The first thing to point out is that all five green colored entries, above, have additional supporter-exclusive content within them. Your much appreciated and much needed support of The Travel Insider is totally voluntary, as is the amount you might choose to contribute, and I never really know how to measure or value it. But if we’re basing it on words alone, Supporters are sure getting a great number more words this week.
The other point is that everyone gets a lot of “words” – and hopefully, in direct proportion, lots of benefit and value, every week. That is me “leading from the front” – I’m happy to give this to you, because it costs me nothing; quite the opposite. It pleases me greatly to help you become more informed, better advised, and equipped to make good choices in all manner of things.
But, while the direct cost to me of one more reader is nothing, the opportunity cost in its entirety to me, is enormous. This is my full time job. I have no time to do other things, so I need to earn some semblance of a living wage from my work, and that is why, once every year, I turn to you and ask you for your Support. For 20 years now, this approach has worked, please help us carry it forward another year.
It is quick and easy to join as a Supporter, and you get instant access to the extra content in the articles above and elsewhere on the site, too. I hope you’ll choose to join with the 354 of your fellow Travel Insiders and help keep this going for the next year. Thank you.
In between writing articles, I’ve been updating.
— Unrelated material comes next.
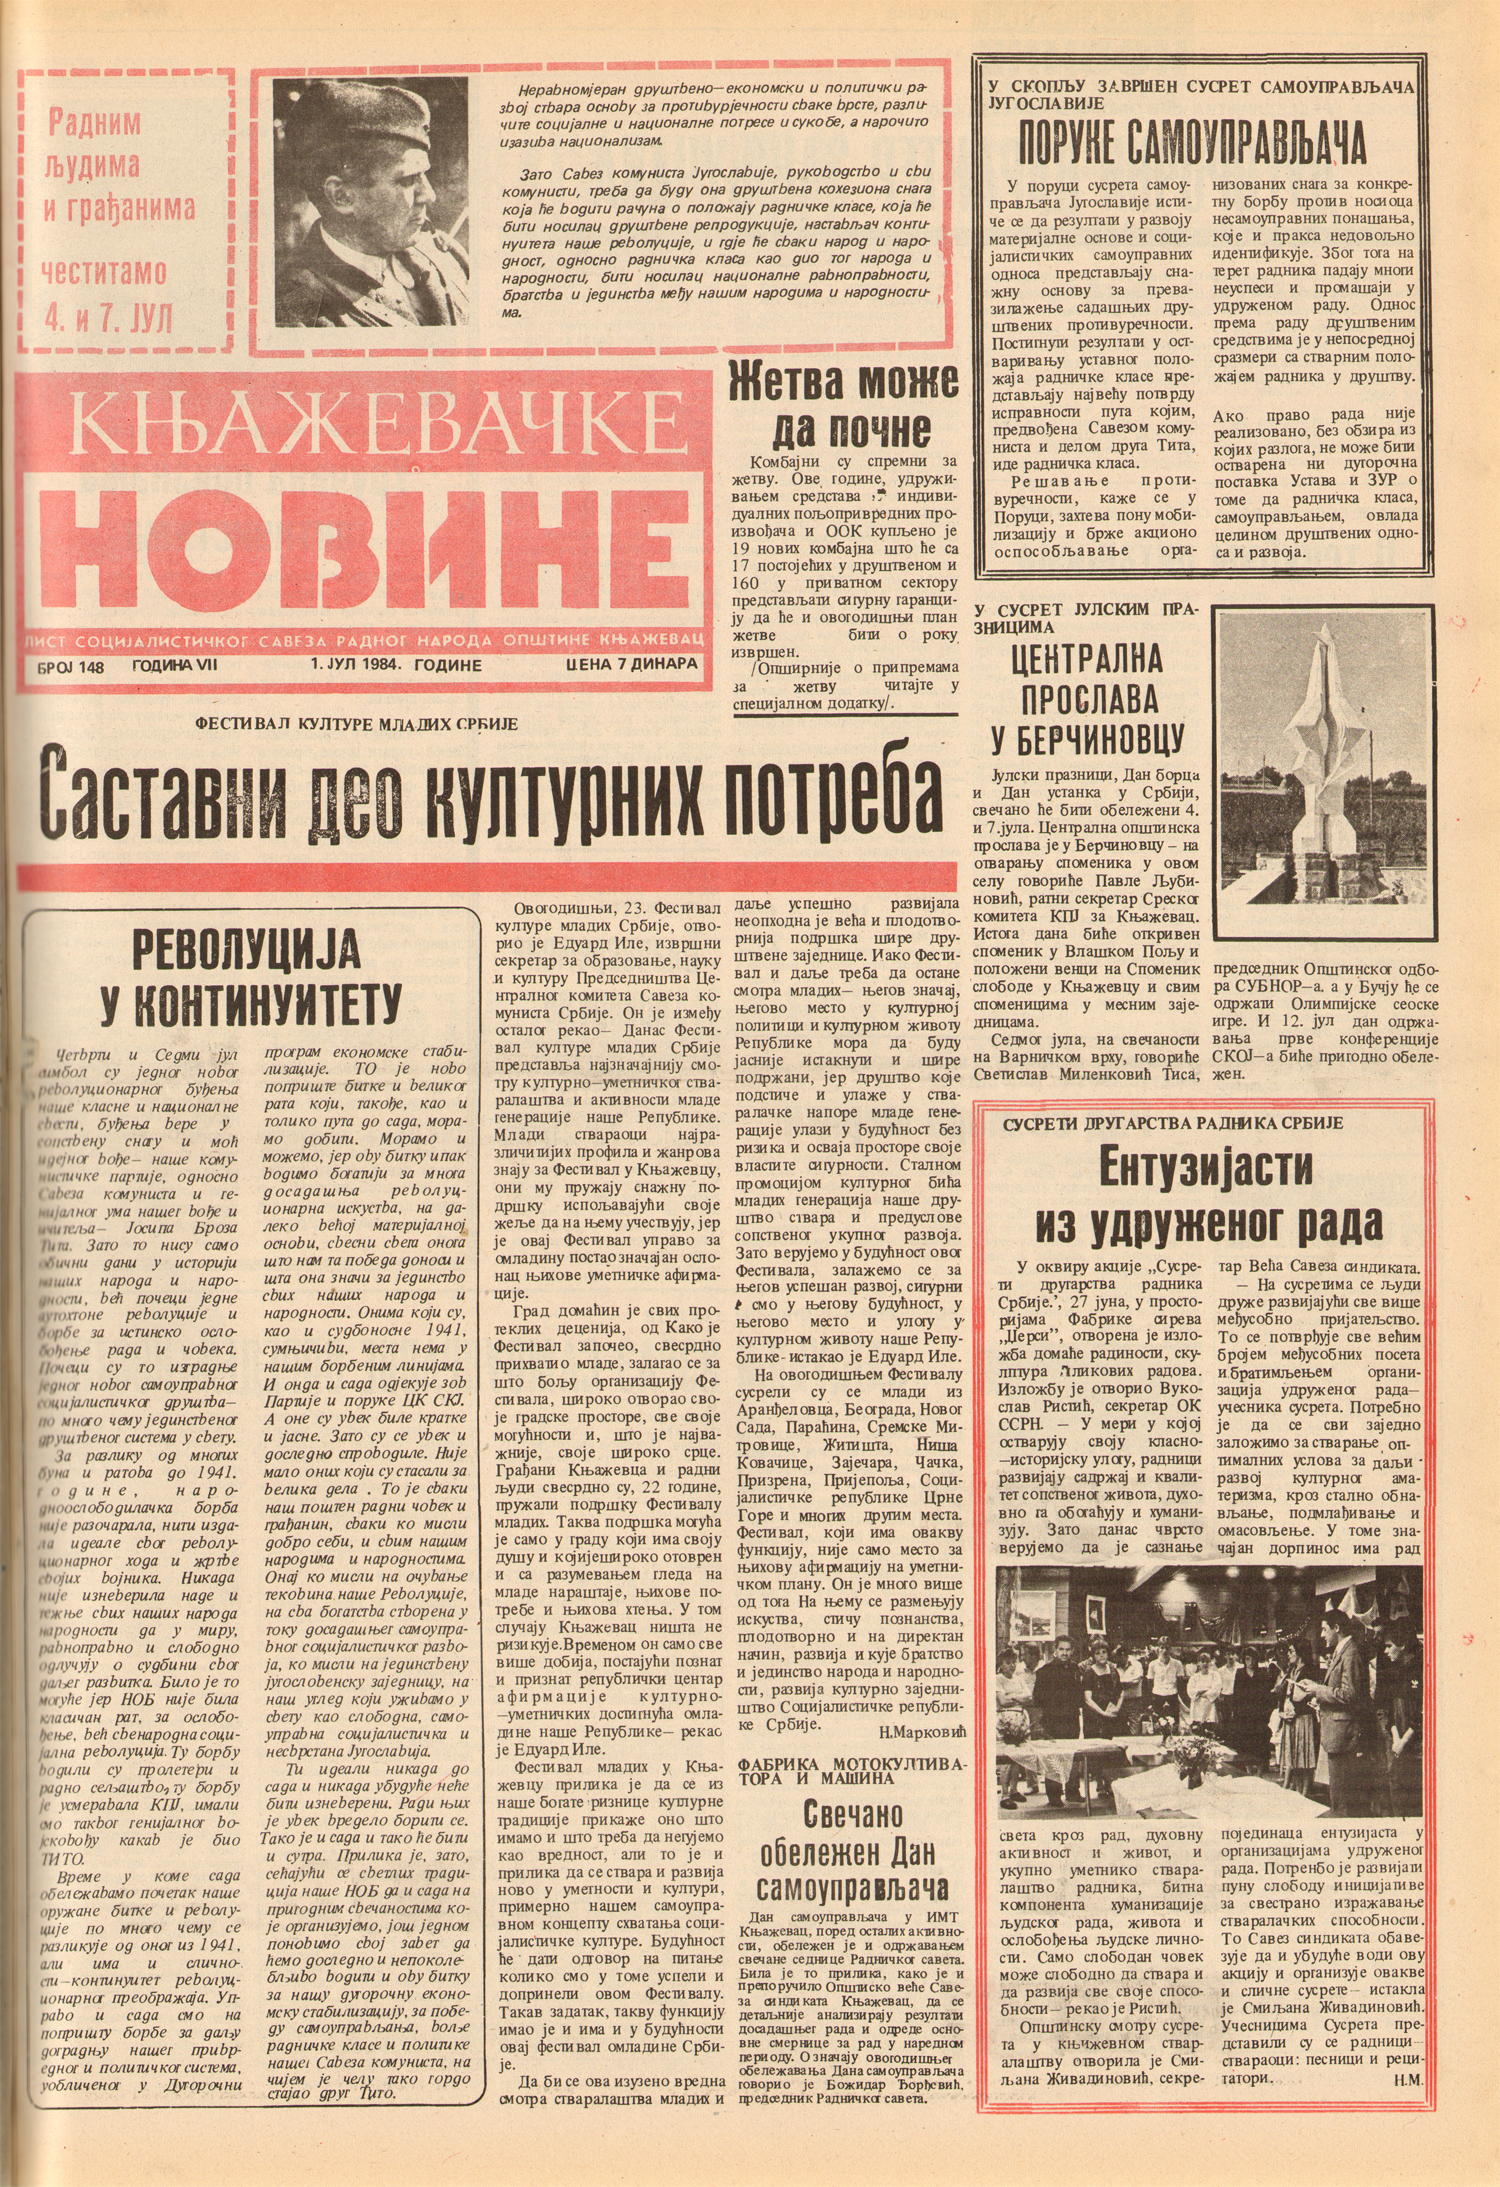 Књажевачке новине, број 148, година 1984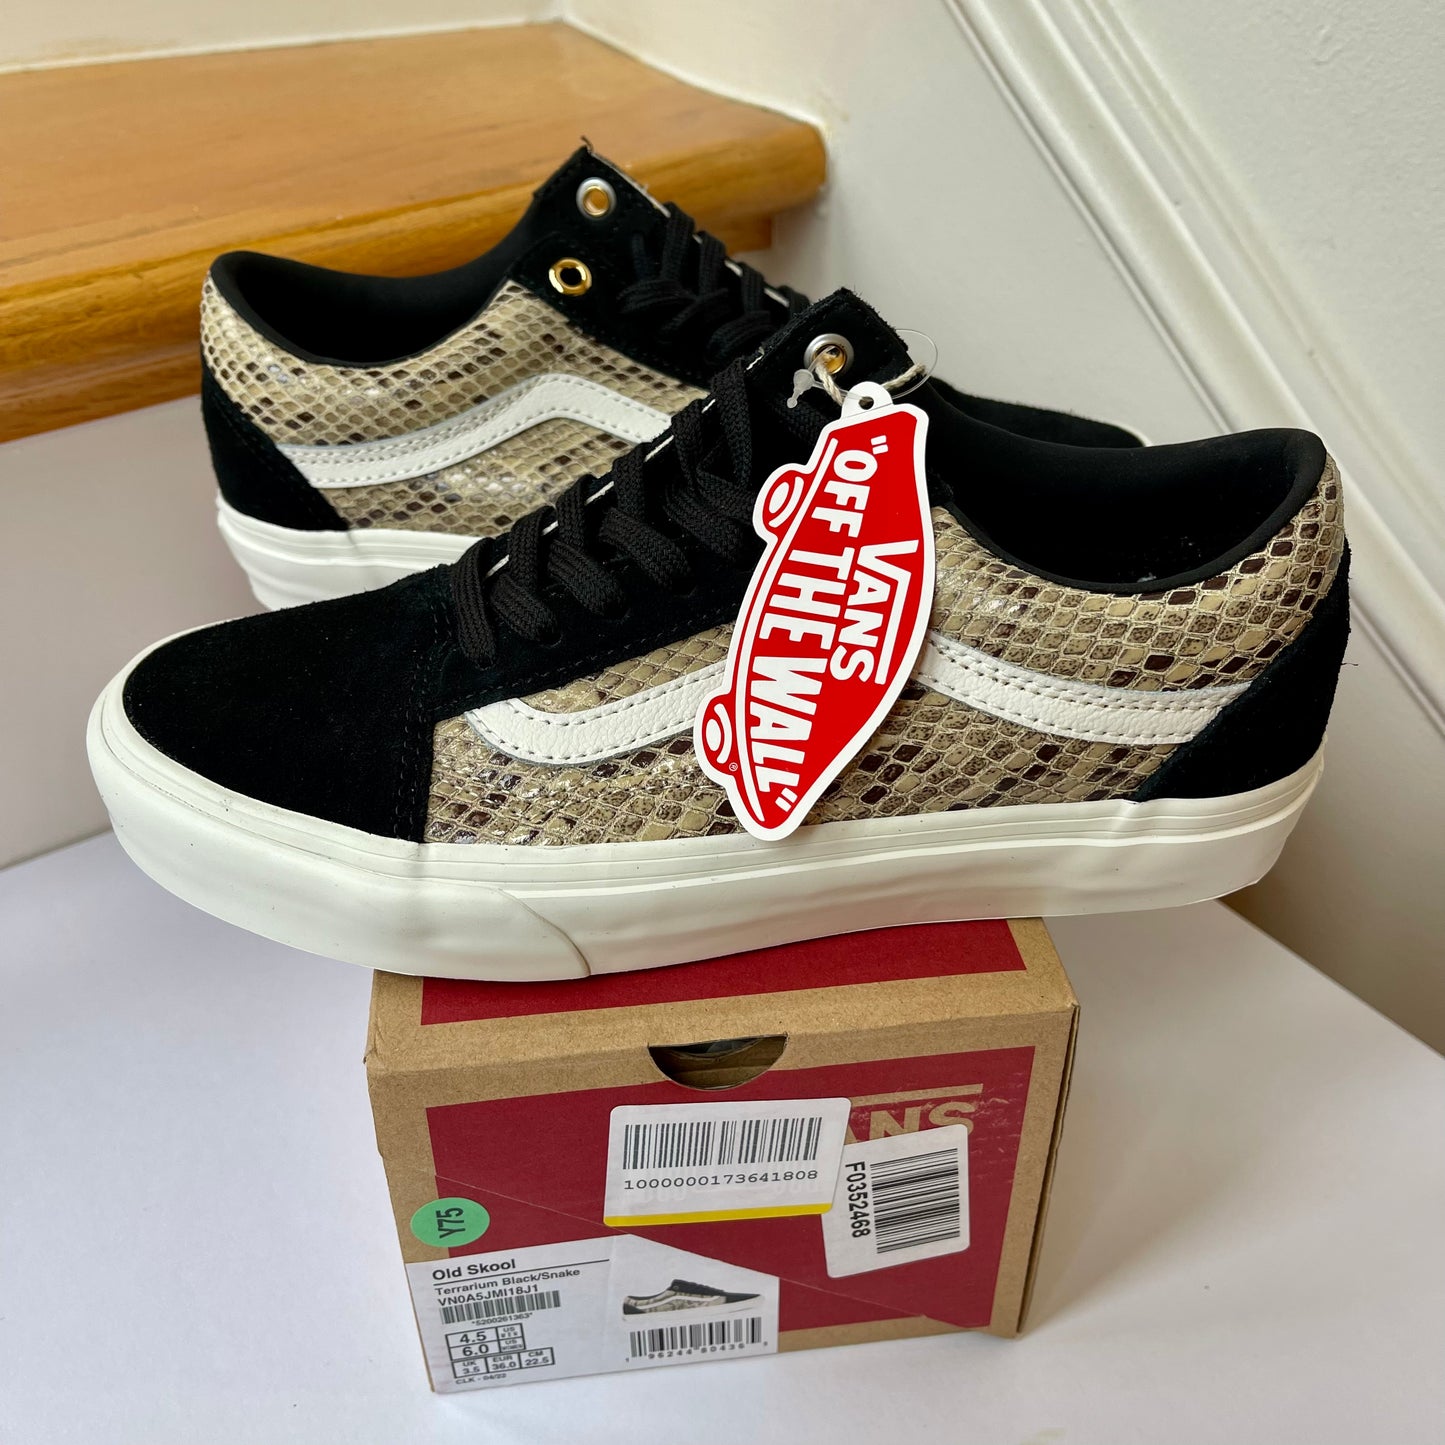 Vans Old Skool Black Suede sneakers with snake skin leather low top shoes

On Tuesday, Google released Android 12, and later the same day, my computer was invited to upgrade to Windows 11.
Android 12 – like the various iOS updates too – really is more of a “dot point” release than an entire new version. There’s precious little difference between it and Android 11, leastways, not that is apparent to me as a user. On the other hand, perhaps that’s a good thing, and preferable to “change for change’s sake” which seems to be such a large part of “new versions” of everything these days. There are some more options for privacy and security, and some “color coordination” of screen elements that at first I thought to be trivial and ridiculous, but which I’m surprisingly myself by growing to like.
Which brings me to the Windows upgrade. It too seems more like a marketing artifice than an actual and substantial re-imagining of anything at all – its key feature seems to be that windows now have slightly rounded corners rather than square ones. That’s about as underwhelming a change as is possible, isn’t it!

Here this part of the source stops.